Question

Find the sum of the first (i) $75$ positive integers (ii) $125$ natural numbers

Answer 1

(i) The arithmetic series of first $75$ positive integers is $1+2+3+.....+75$ where $a_1=1,a_2=2$ and $n=75$.

We find the common difference $d$ by subtracting the first term from the second term as shown below:

$d=a_2-a_1=2-1=1$

We know that the sum of an arithmetic series with first term $a$ and common difference $d$ is $S_n=\frac{n}{2}[2a+(n-1\left)d\right]$

Now substitute $n=75,a=1$ and $d=1$ in $S_n=\frac{n}{2}[2a+(n-1\left)d\right]$ as follows:

$S_{75}=\frac{75}{2}\left[\right(2\times 1)+(75-1\left)1\right]=\frac{75}{2}(2+74)=\frac{75}{2}\times 76=75\times 38=2850$

Hence, the sum of first $75$ positive integers is $2850$.
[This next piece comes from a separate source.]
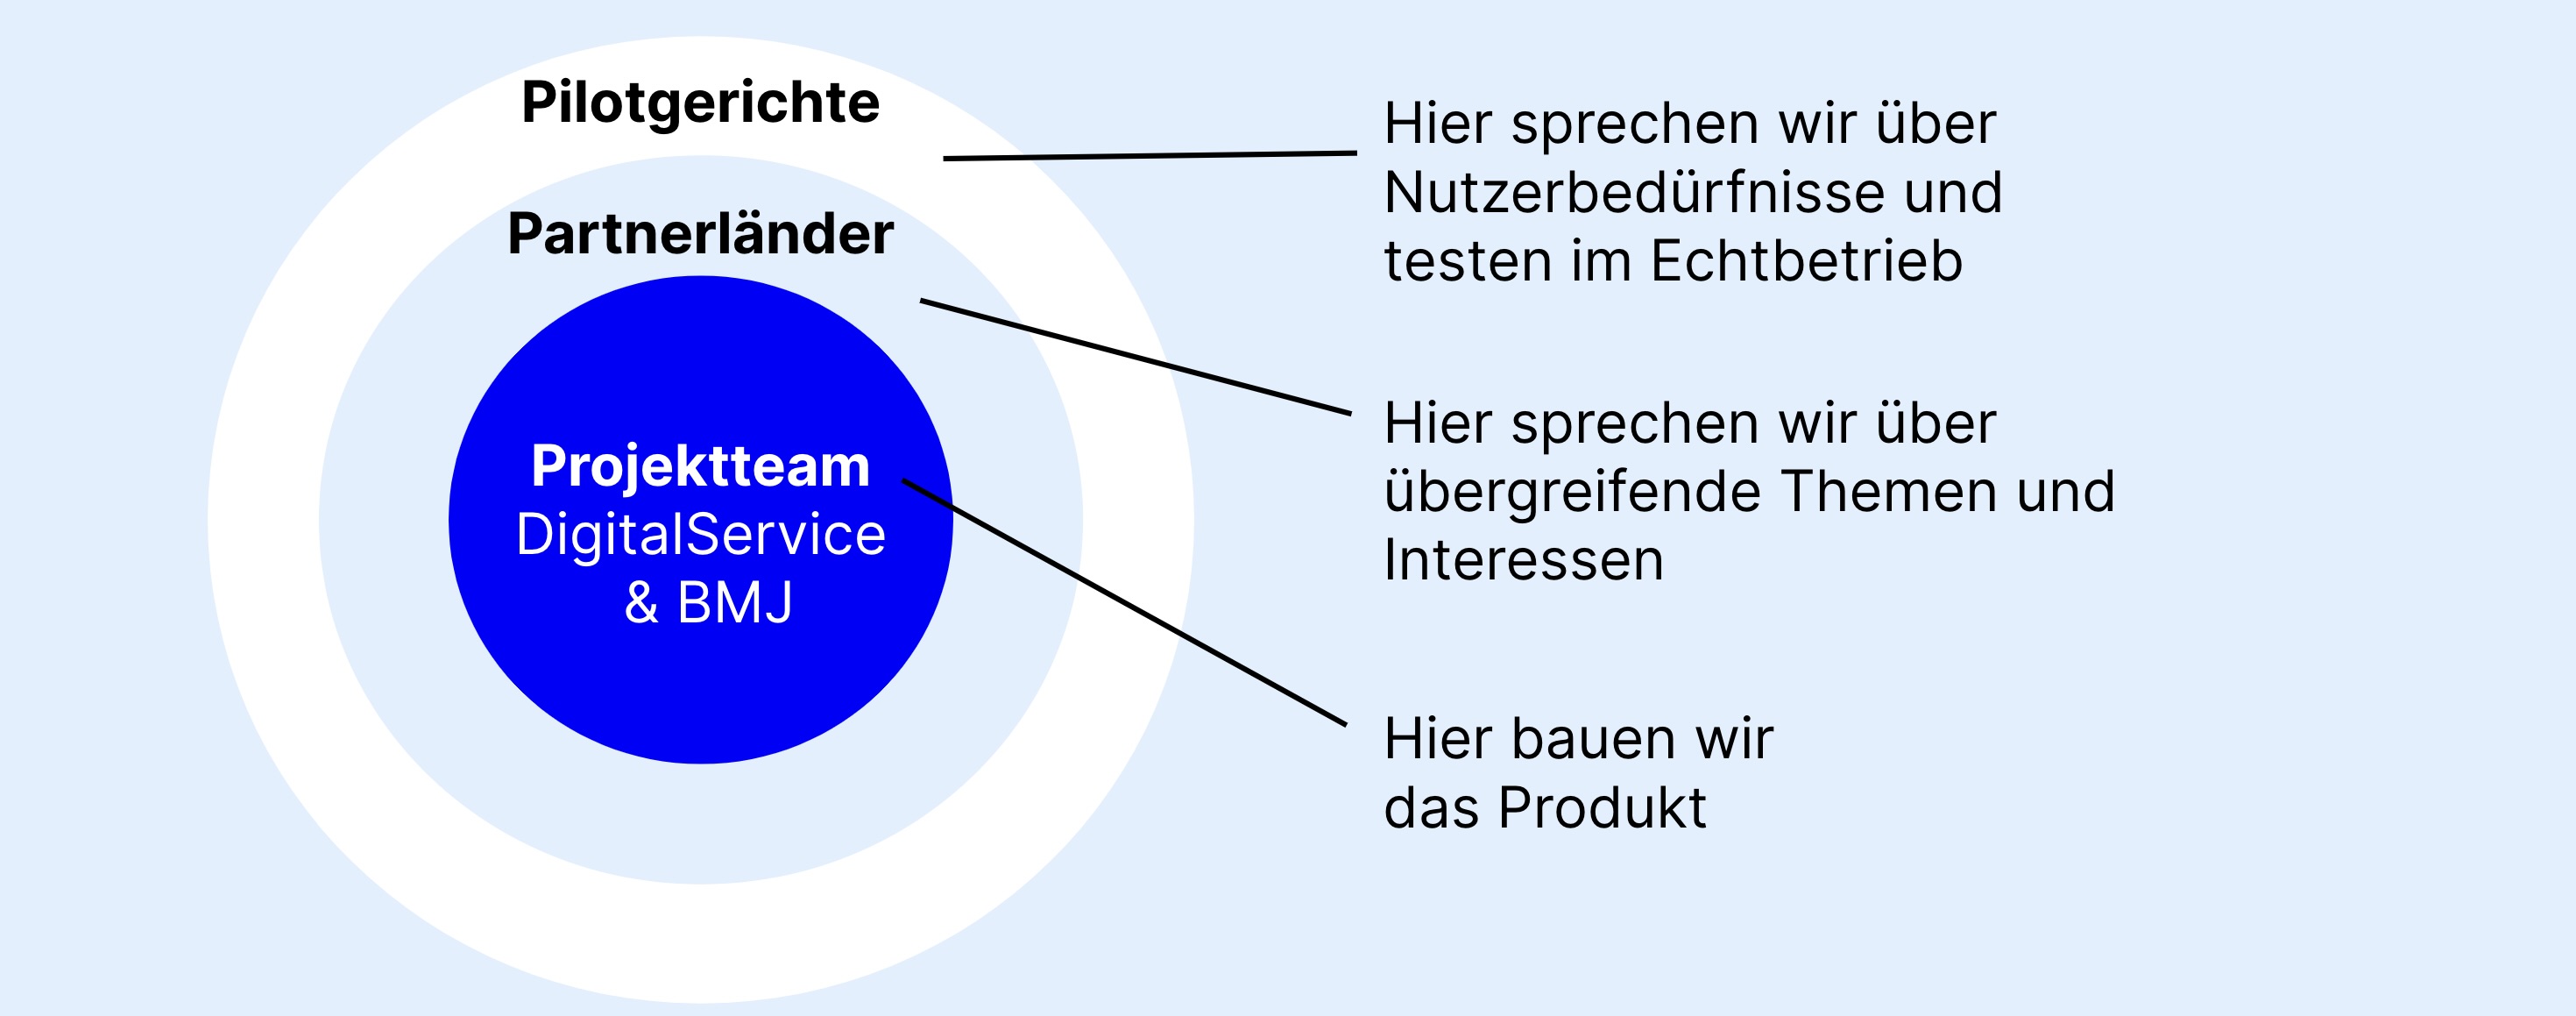 Eine Grafik mit drei in einanderliegenden Kreisen veranschaulicht das Zusammenarbeitsmodell Partizipative Produktentwicklung. Der äußerste Kreis enthält das Wort „Pilotgerichte“, der mittlere Kreis „Partnerländer“, der innerste Kreise „Projektteam DigitalService und BMJ“.

(ii) The arithmetic series of first $125$ natural numbers is $1+2+3+.....+125$ where $a_1=1,a_2=2$ and $n=125$.

We find the common difference $d$ by subtracting the first term from the second term as shown below:

$d=a_2-a_1=2-1=1$

We know that the sum of an arithmetic series with first term $a$ and common difference $d$ is $S_n=\frac{n}{2}[2a+(n-1\left)d\right]$

Now substitute $n=125,a=1$ and $d=1$ in $S_n=\frac{n}{2}[2a+(n-1\left)d\right]$ as follows:

$S_{125}=\frac{125}{2}\left[\right(2\times 1)+(125-1\left)1\right]=\frac{125}{2}(2+124)=\frac{125}{2}\times 126=125\times 63=7875$

Hence, the sum of first $125$ natural numbers is $7875$.